Ernst goes on to cite many examples of Nazi quackery and urges for a more comprehensive academic study of the Things Natural Medicine Doesn’t Want You to Know, which include the “advancement” of the study of homeopathy by the Third Reich and the fact that we all should be really, really suspicious of anyone whose premise is “let’s do things like they did in olden times”.
What Ernst doesn’t do is give us a satisfying account of how “simple” and “all natural” explanations of the world accommodate fascism. He can’t, because he’s a scientist, and therefore imperfect. But there are other Germans who explain how these faith-based explanations of a complex world can control populations. Notable among them is Theodor Adorno who gave much of his life to comparing the imposition of stupid faith by the Third Reich to the apparently voluntary acquisition of similarly stupid faith in liberal democracies, such as the USA. This book is a good and (for him) very readable introduction to his thoughts on why we believe in dumb hocus pocus. The short version: an easy way for us to deal with life in mass culture and the scientific Enlightenment that produced it is to choose whatever mystic-but-apparently-rational explanation is handy. It’s the Jews. It’s the Muslims. It’s that we’re not eating enough kale.

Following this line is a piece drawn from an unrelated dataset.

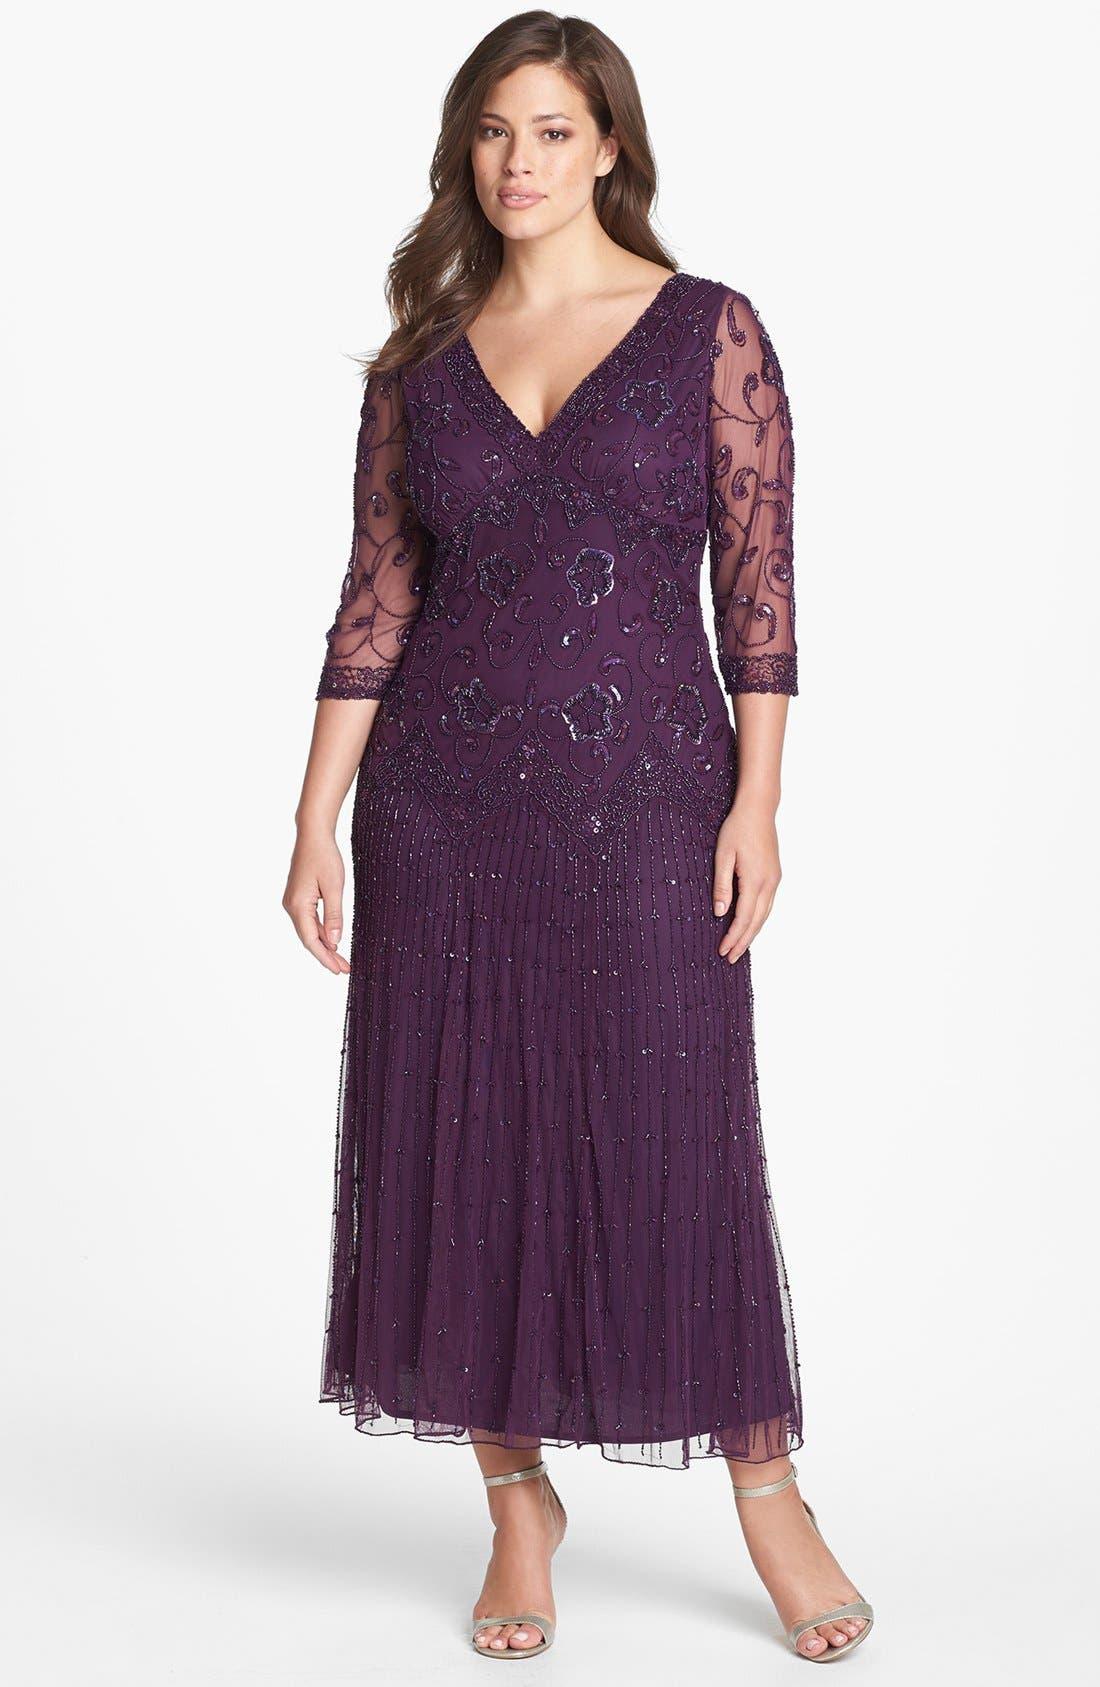 Alternate Image 1 Selected - Pisarro Nights Beaded Mesh Gown (Plus Size)

Pete “Kale” Evans brings us comfort. His urging toward an (entirely fictitious) past is mystic. His citation of (often discredited) one-off scientific studies passes as rational. While it is true that his message of “eat more vegetables” is good, it’s only good because it tallies with just about every single recommendation by any dietitian ever. The rest of the stuff that he emits is pseudo-scientific mystic fart, which may compromise the physical health of its adherents and certainly does compromise the health of our public conversation. We cannot permit the presentation of mystic opinion as fact.